There, the council members agreed, suggesting Graviet add a town manager’s report to the workshop agenda, in which he could update the council members on those minor kinds of matters, such as pothole complaints.
Overall, the council members were in agreement that some form of public input might be useful at the workshops, though that too might be limited.
Topics for the workshops will not be limited in number, despite an effort to keep them under two hours, but the council members decided that the focus should be on “big-picture” and “big-ticket” items, not minutiae. And any discussion that generates potential legislation would have that topic added to the following month’s council meeting, not the immediately upcoming one — in this case, just a week and a half away.
Despite concern from Planning Commission Member Steve Wode about access of non-resident citizens to the meetings, the council did not consider changing the new workshops from their original Tuesday scheduling.

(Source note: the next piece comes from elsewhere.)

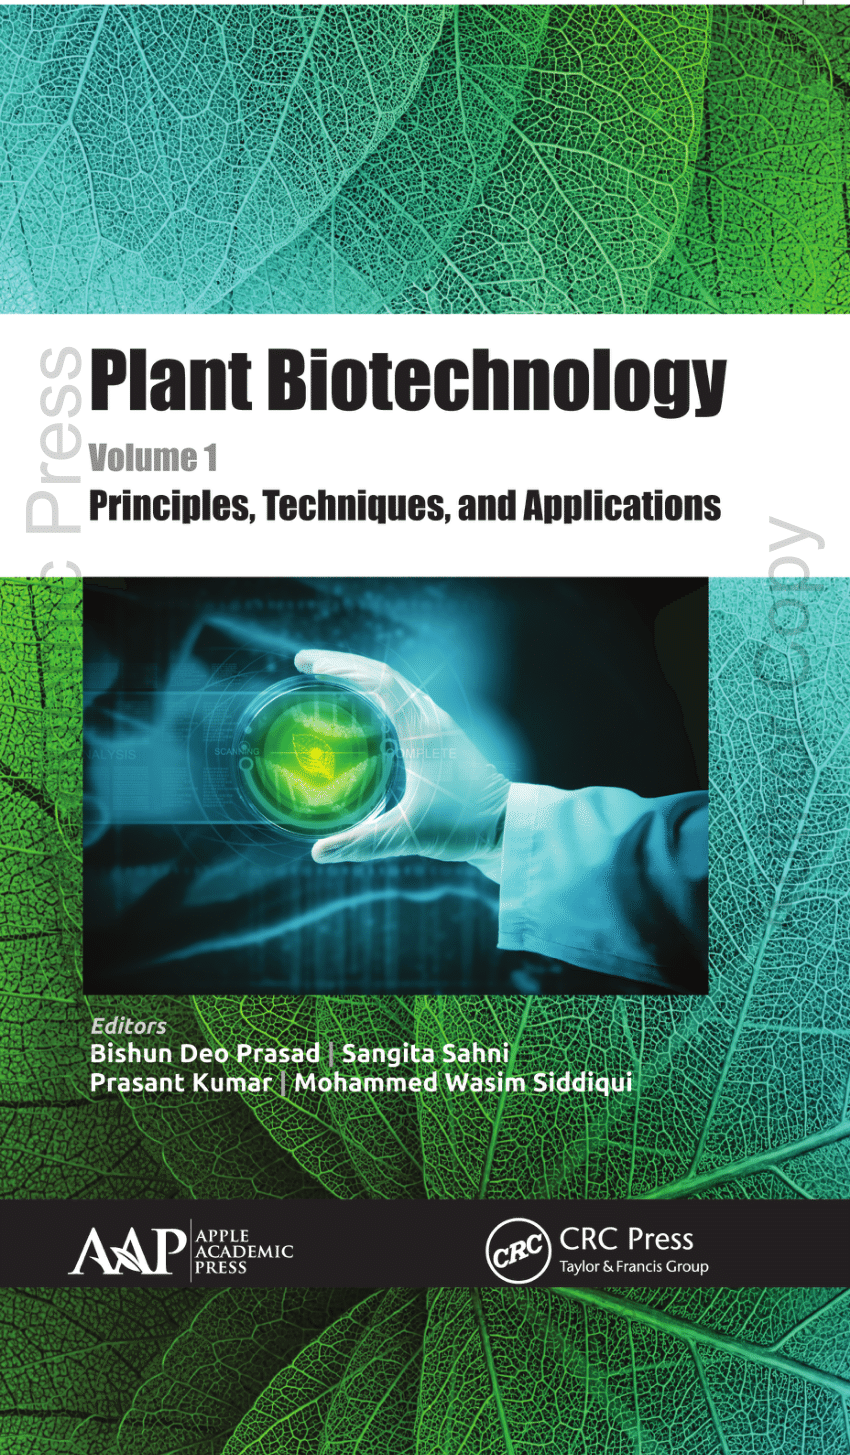 (PDF) Plant Biotechnology Volume 1 Principles, techniques and
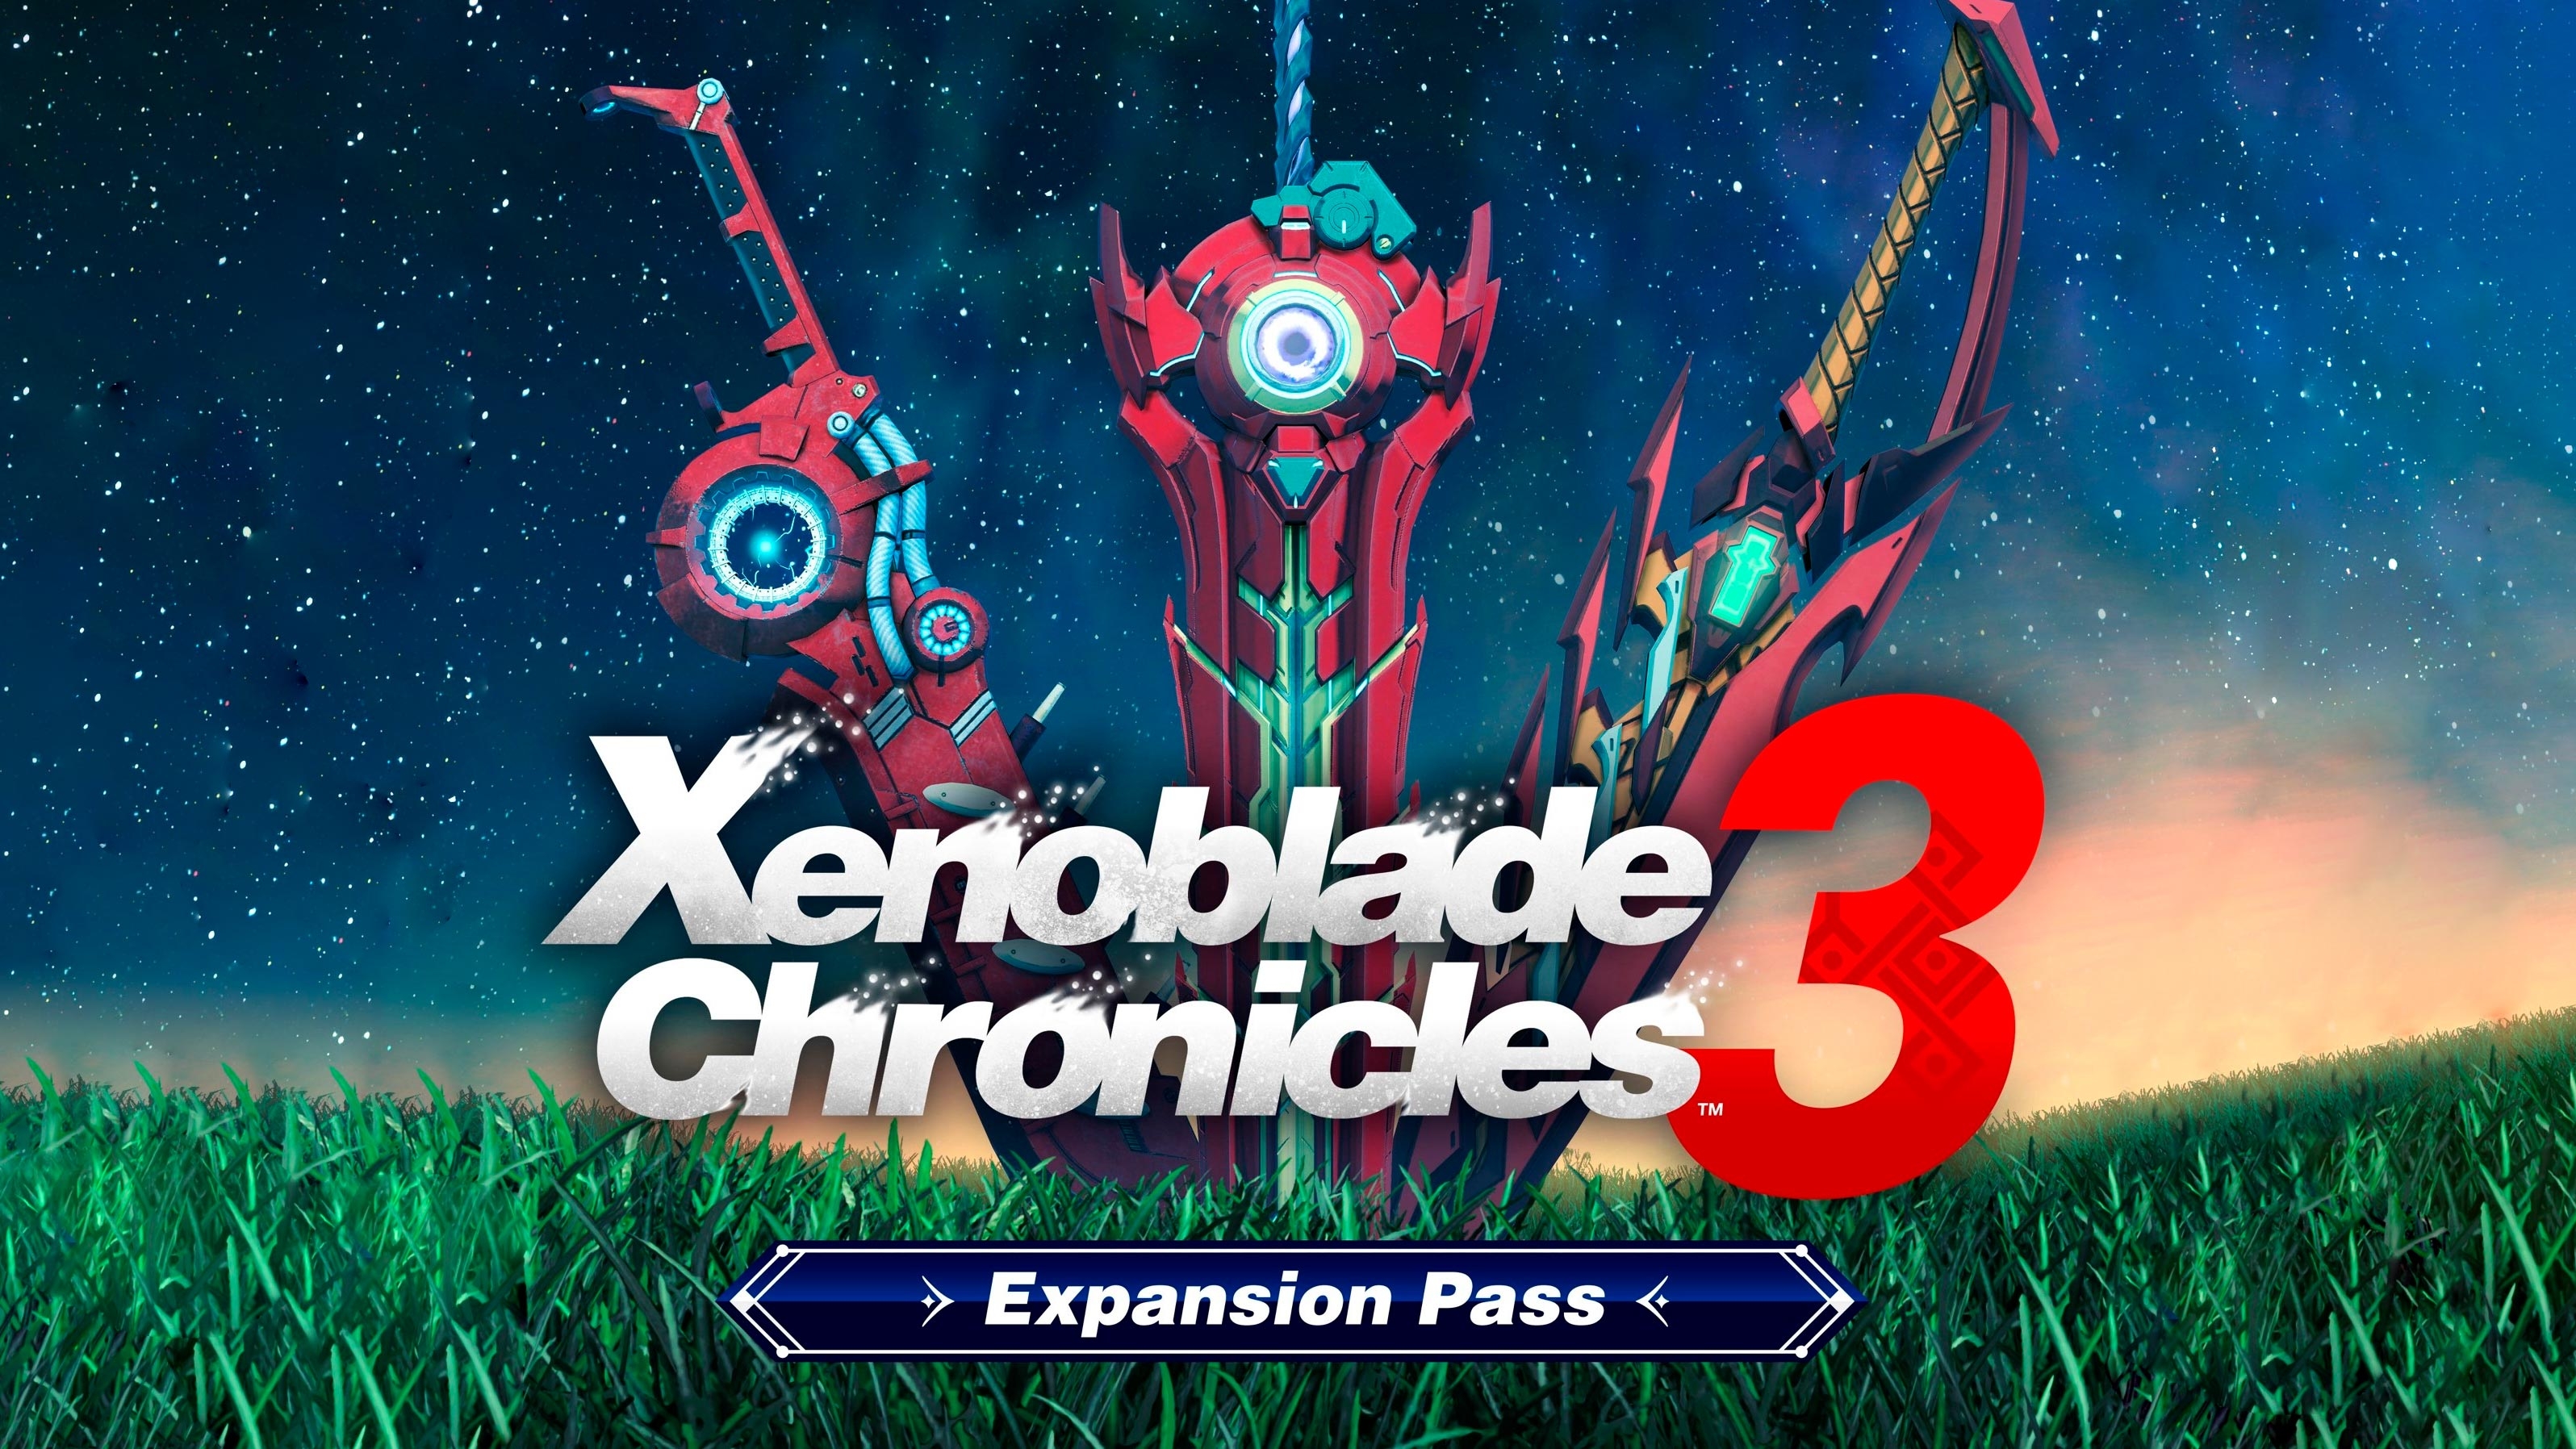 Pass Expansion Xenoblade Switch 3 Chronicles Buy Eshop Nintendo

Also discussed at the June 6 workshop:
• A suggestion from the mayor to add comfort stations to the north and south ends of the beach or boardwalk. Discussion focused on the feasibility of portable toilets versus plumbed units, as well as the potential locations for the stations. Issues of aesthetics, odor and maintenance, and nearby residences were also raised. Consensus was a public workshop might be in order, with Graviet to provide some basic information and possibly some elevation drawings to consider.
• Possible extension of council terms from two years to three, with council members elected in groups of two, three and two in successive years. Killmer said he found the first year on the council to be heavily affected by a learning curve and that a three-year term would allow council members to get up to speed and cause less disruption in changeover. Consensus was to also take that issue to a public workshop.
• Board of Adjustments makeup, scheduling and attorney. Council members acknowledged there was a clear need to hire an independent attorney to work with the board, since cases in which the town was a party require them to hire an additional attorney to replace Town Solicitor Terence Jaywork, who currently works with the board.
They also favored increasing the membership from three members to five, focusing on the limits of a board where a quorum is two members. And they favored regularly scheduling meetings, monthly or bi-monthly, to establish a regular schedule that could be canceled if no cases were to be considered. The changes would require a charter change and may be considered at the council’s July meeting.
• Town donation policy. Council members cemented their support for the existing practice of only donating to organizations serving the whole town, such as police, fire companies, emergency medical services, library and Fourth of July parade organizers. Council could make special exceptions to the rule, they noted. A formal policy will be developed.